DATASET EXCERPT Start Marker

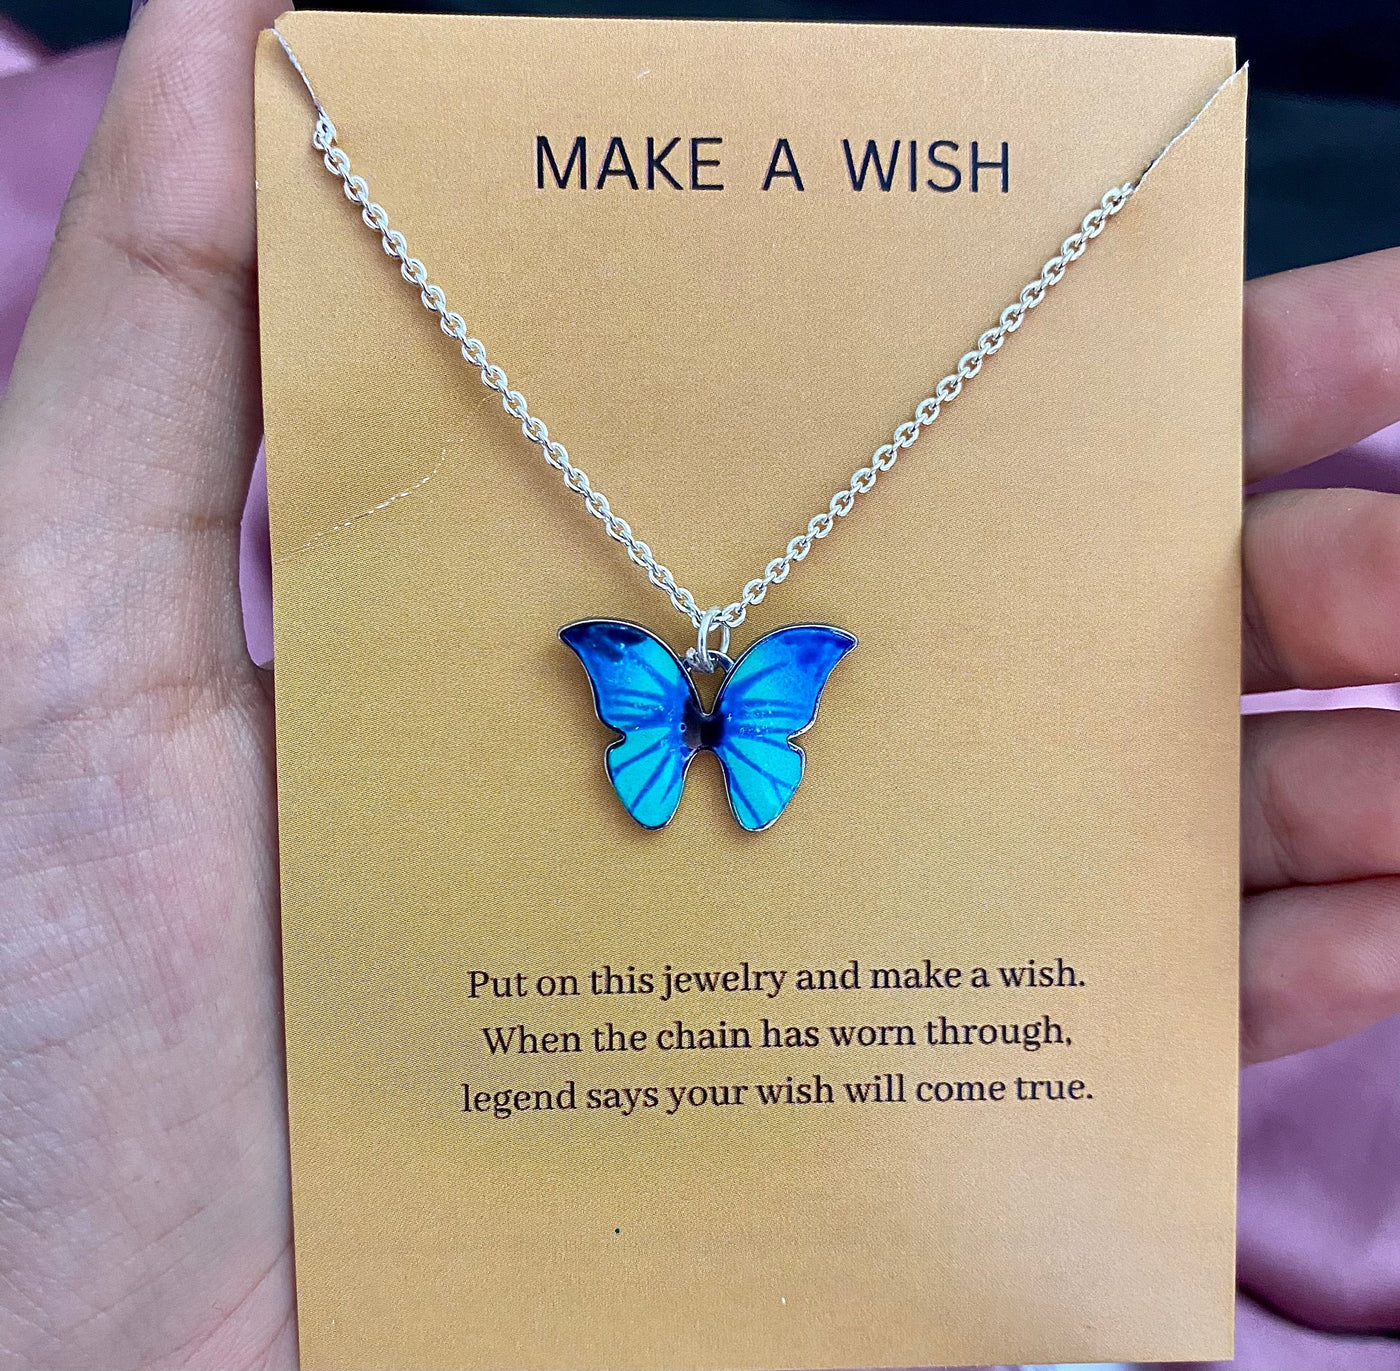 Waterproof Blue Butterfly Charm Necklace With Stainless Steel Chain
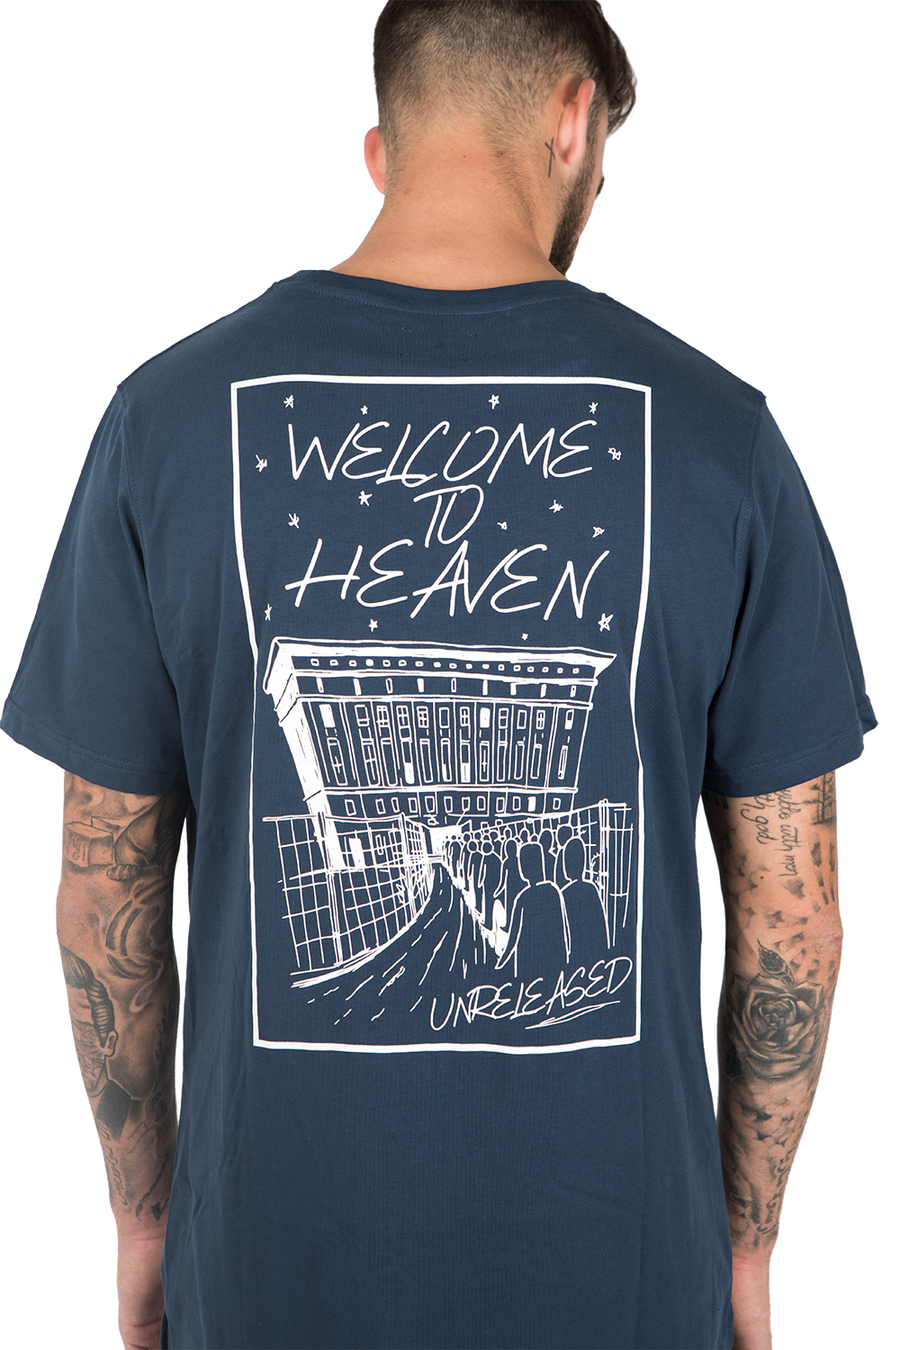 PRINTED T-SHIRT “WELCOME TO HEAVEN”
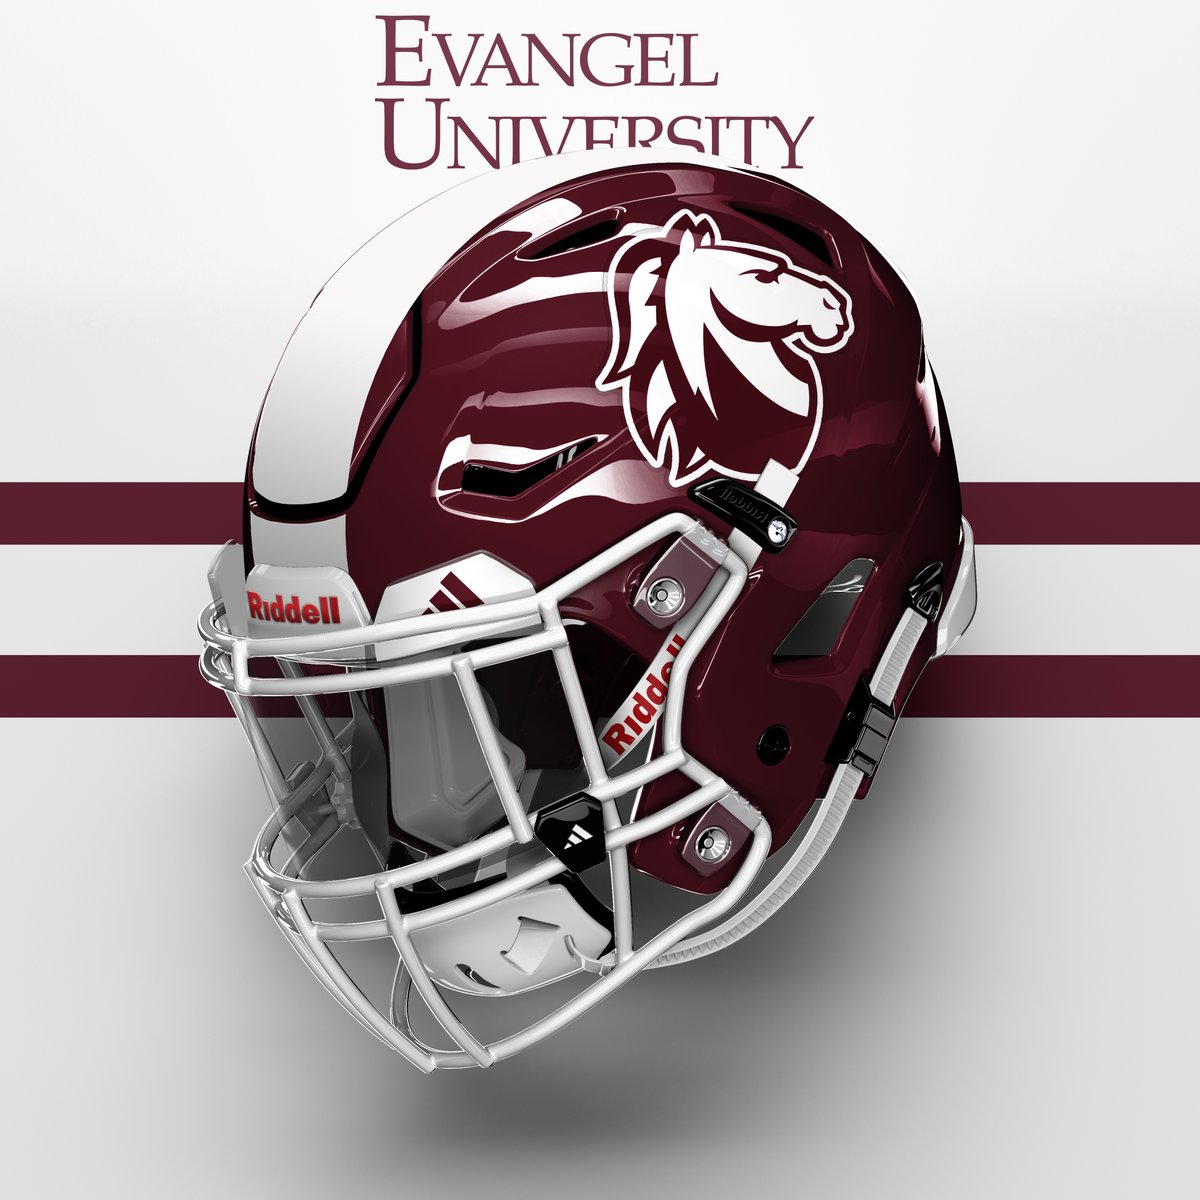 What a season '23 was for the Evangel University Valor! Undefeated regular season, KCAC Champions, and a berth in the NAIA playoffs. #codemaroon #EUfootball

DATASET EXCERPT End Marker

The answer should consist of every line above, exact and free of images.

● EXERCISE SOLUTION
 Waterproof Blue Butterfly Charm Necklace With Stainless Steel Chain
 PRINTED T-SHIRT “WELCOME TO HEAVEN”
 What a season '23 was for the Evangel University Valor! Undefeated regular season, KCAC Champions, and a berth in the NAIA playoffs. #codemaroon #EUfootball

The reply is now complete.